Alors que des traces de poliovirus ont été détectées dans des échantillons d’eaux usées de la bande de Gaza, faisant craindre une épidémie de poliomyélite paralytique dans le territoire enclavé, l’Organisation mondiale de la santé (OMS) a annoncé l’envoi de plus d’un million de vaccins. Dans une tribune publiée dans Le Monde le 30 juillet, le patron de l’agence onusienne, Tedros Adhanom Ghebreyesus, indique que ces vaccins « seront administrés dans les prochaines semaines ».
Pour l’heure, aucun cas n’a été enregistré, mais « ce n’est qu’une question de temps avant que la poliomyélite n’atteigne les milliers d’enfants de Gaza, dépourvus de toute protection », s’inquiète-t-il. Les enfants de moins de 5 ans, mais surtout ceux de moins de 2 ans, sont les plus à risque, nombre d’entre eux n’ayant pas été vaccinés au cours des neuf mois de conflit.
Le 16 juillet, le réseau mondial de laboratoires de lutte contre la poliomyélite a isolé le poliovirus de type 2, dérivé d'une souche vaccinale (PVDVc2), dans six échantillons d'eaux usées à Deir al-Balah (centre de la bande de Gaza) et Khan Younès (sud). Cette détection est « un événement alarmant mais peu surprenant », écrit Tedros Adhanom Ghebreyesus.
« La présence d'un poliovirus dérivé d'un vaccin dans les eaux usées signifie très probablement qu'il existe quelque part chez les gens », a déclaré pour sa part Christian Lindmeier, porte-parole de l'OMS, lors de l’annonce de la détection. « Mais encore une fois, a-t-il poursuivi, environ 75 % des personnes infectées par la polio ne présentent aucun symptôme. Cela signifie que le virus est très probablement présent dans la population, mais cela ne signifie pas nécessairement qu'il y ait une flambée de cas. »
À Gaza, une couverture vaccinale en chute
Ce PVDVc2 vient du vaccin oral vivant atténué contre le type 2, retiré mondialement du marché en 2016, mais encore utilisé dans des zones où des stocks subsistent. « Ce vaccin oral est excrété par les enfants vaccinés. Dans les zones où l’assainissement n’est pas opérationnel, cette souche vaccinale peut circuler et contaminer des non-vaccinés par contact. Dans une population avec de nombreux non vaccinés, le virus vaccinal peut muter et regagner en virulence. Des flambées sont régulièrement observées », explique au Quotidien le Dr Michel Zaffran, ancien directeur du programme de l’OMS pour l'éradication de la poliomyélite.

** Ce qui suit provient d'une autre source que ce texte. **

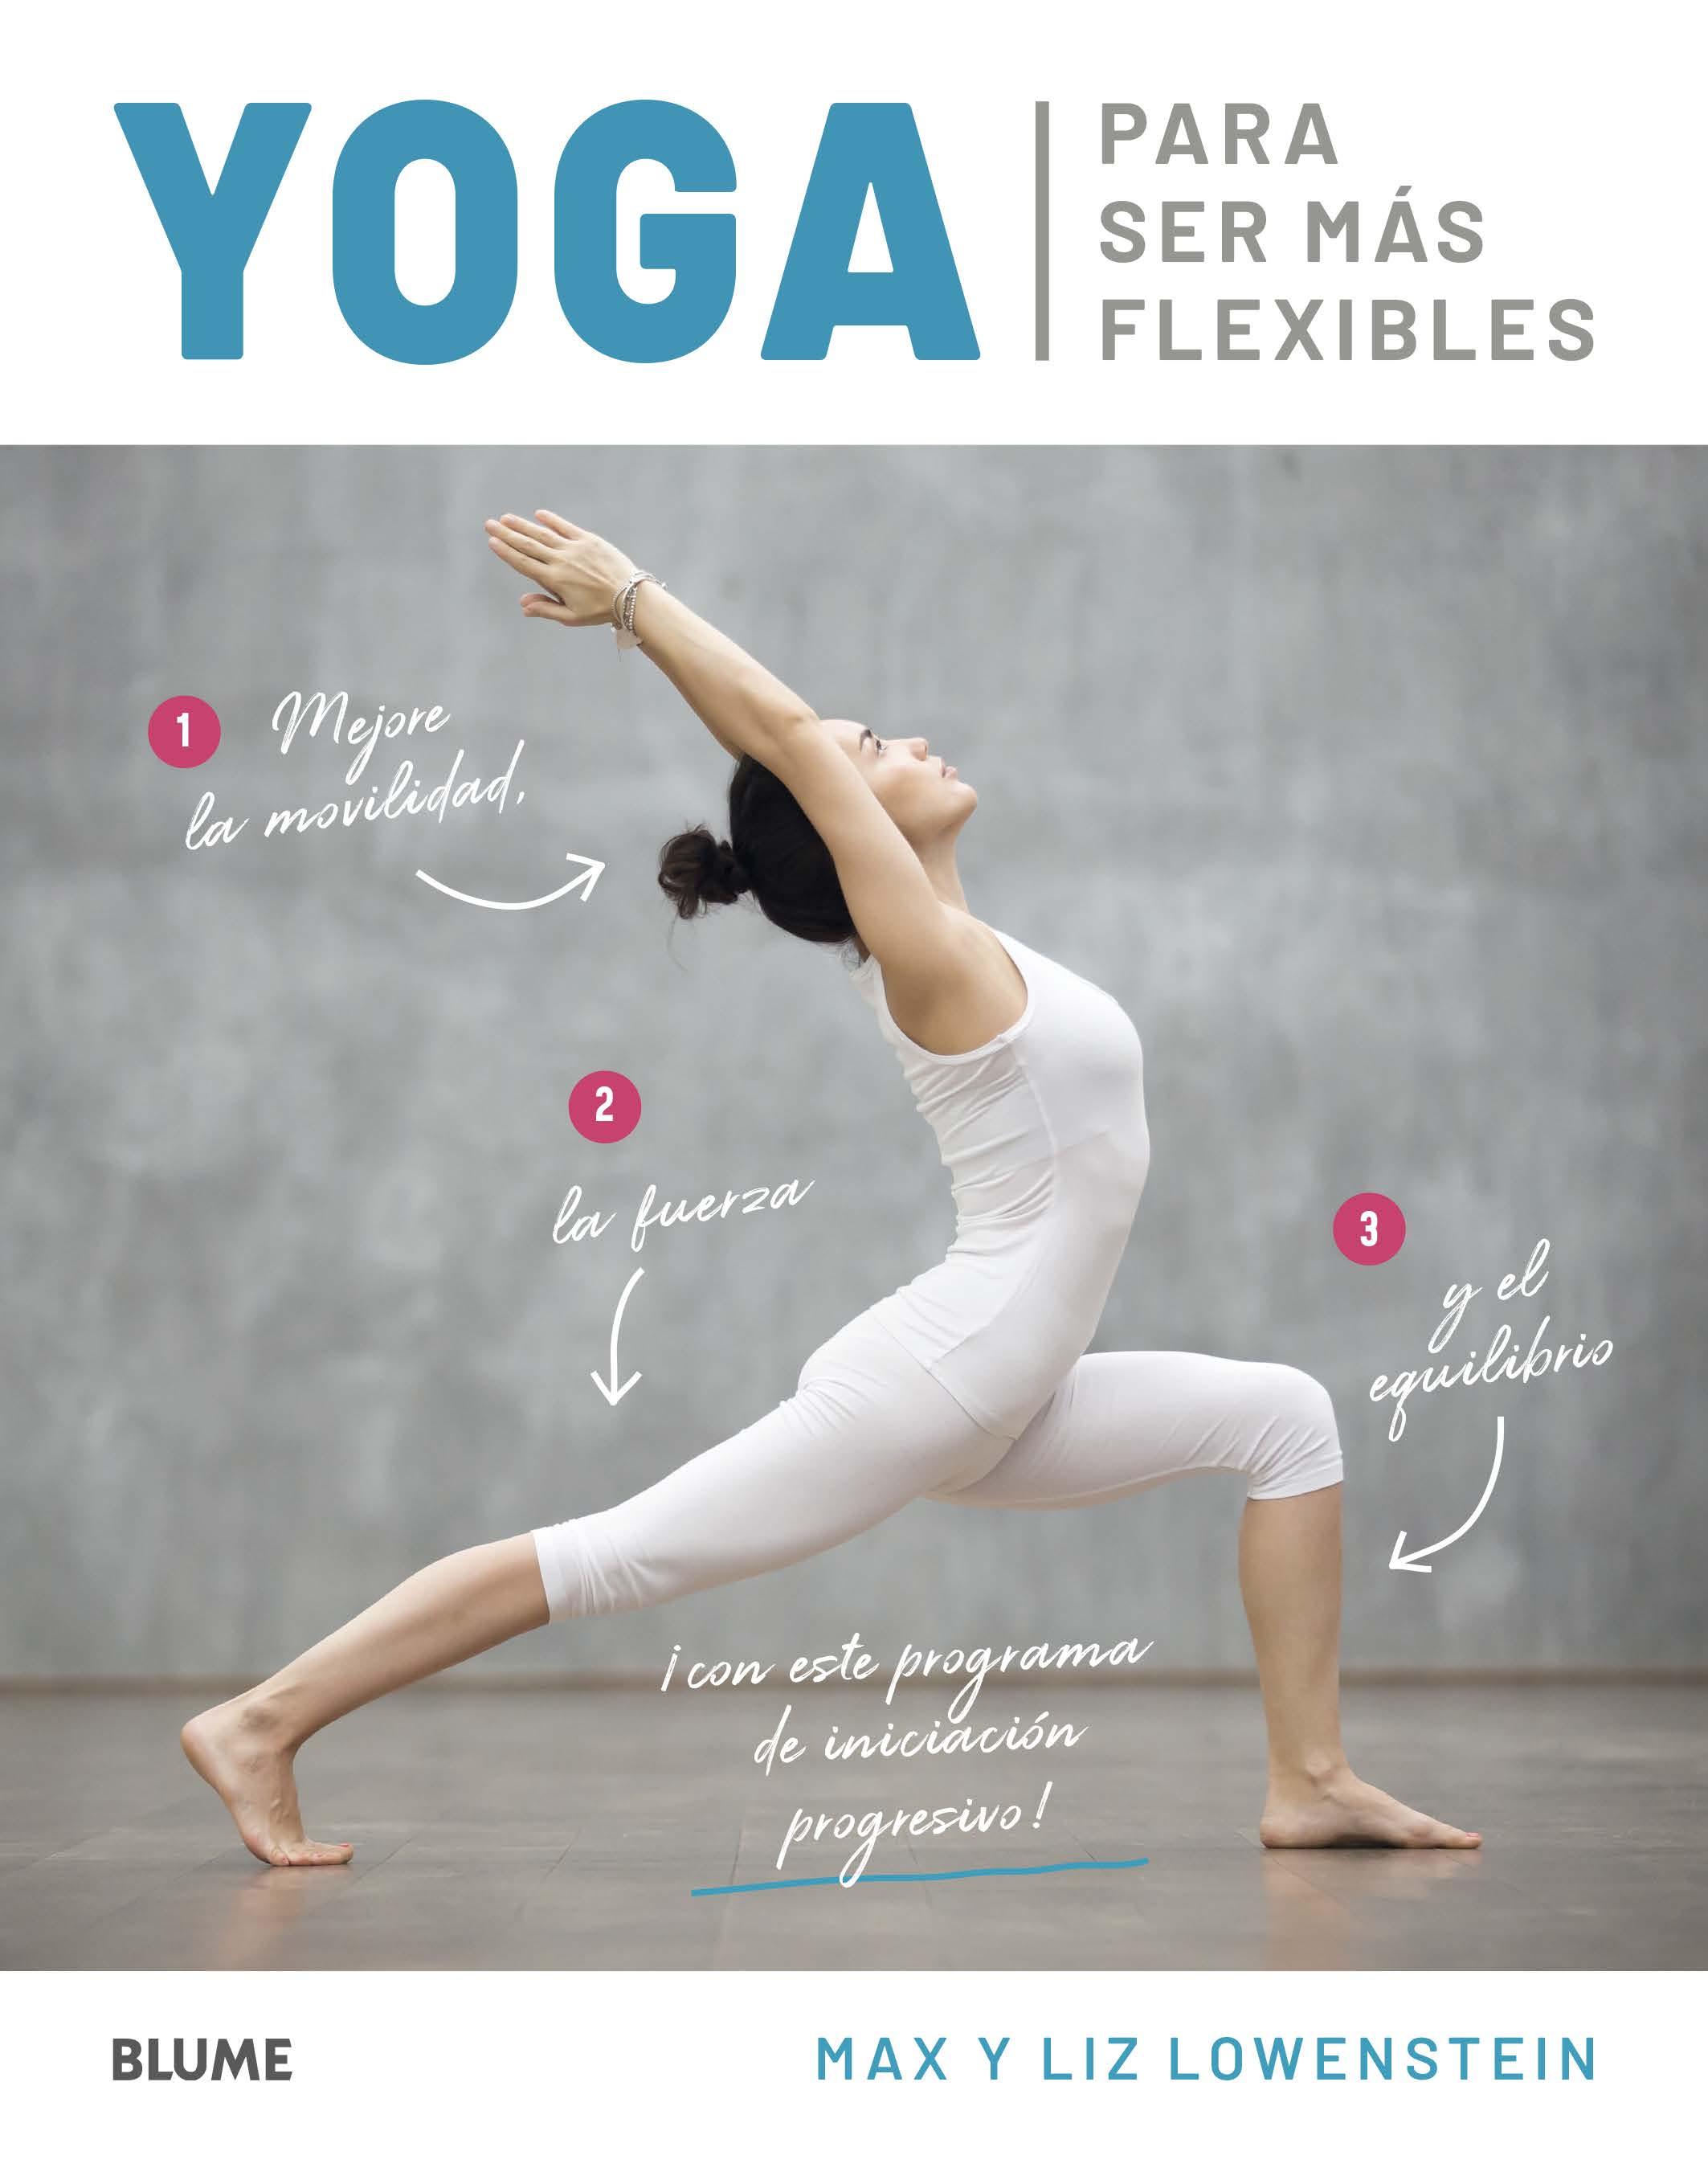 Yoga para ser más flexibles - Lowenstein Max

À Gaza, la couverture vaccinale est passée de 99 % avant le conflit à 86 % actuellement, un « niveau dangereux car il existe des poches de population où les enfants ne sont pas vaccinés, et où le virus peut circuler », souligne le patron de l’OMS dans Le Monde. L’objectif de l’agence onusienne est ainsi de rattraper le retard dans la vaccination pour éviter l’émergence de cas de poliomyélite paralytique. La campagne s’appuiera sur un nouveau vaccin oral contre le type 2, « beaucoup plus stable », assure le Dr Zaffran. « Il est régulièrement utilisé par l’OMS pour faire face aux flambées que connaissent les pays où sévissent des conflits et où les populations sont peu ou mal vaccinées, comme au Yémen, au Soudan, en Éthiopie ou en RDC », ajoute-t-il.
Pour garantir le succès de cette campagne vaccinale, Tedros Adhanom Ghebreyesus appelle à un « cessez-le-feu immédiat » et à une « accélération considérable de l’aide humanitaire ». « Sans un cessez-le-feu et un accès sûr, […] les vaccins resteraient bloqués comme beaucoup d’autres camions de l’autre côté de la frontière, soit du côté de Rafah, soit à d’autres points de contrôle à l’intérieur ou juste à l’extérieur de Gaza », met en garde Christian Lindmeier.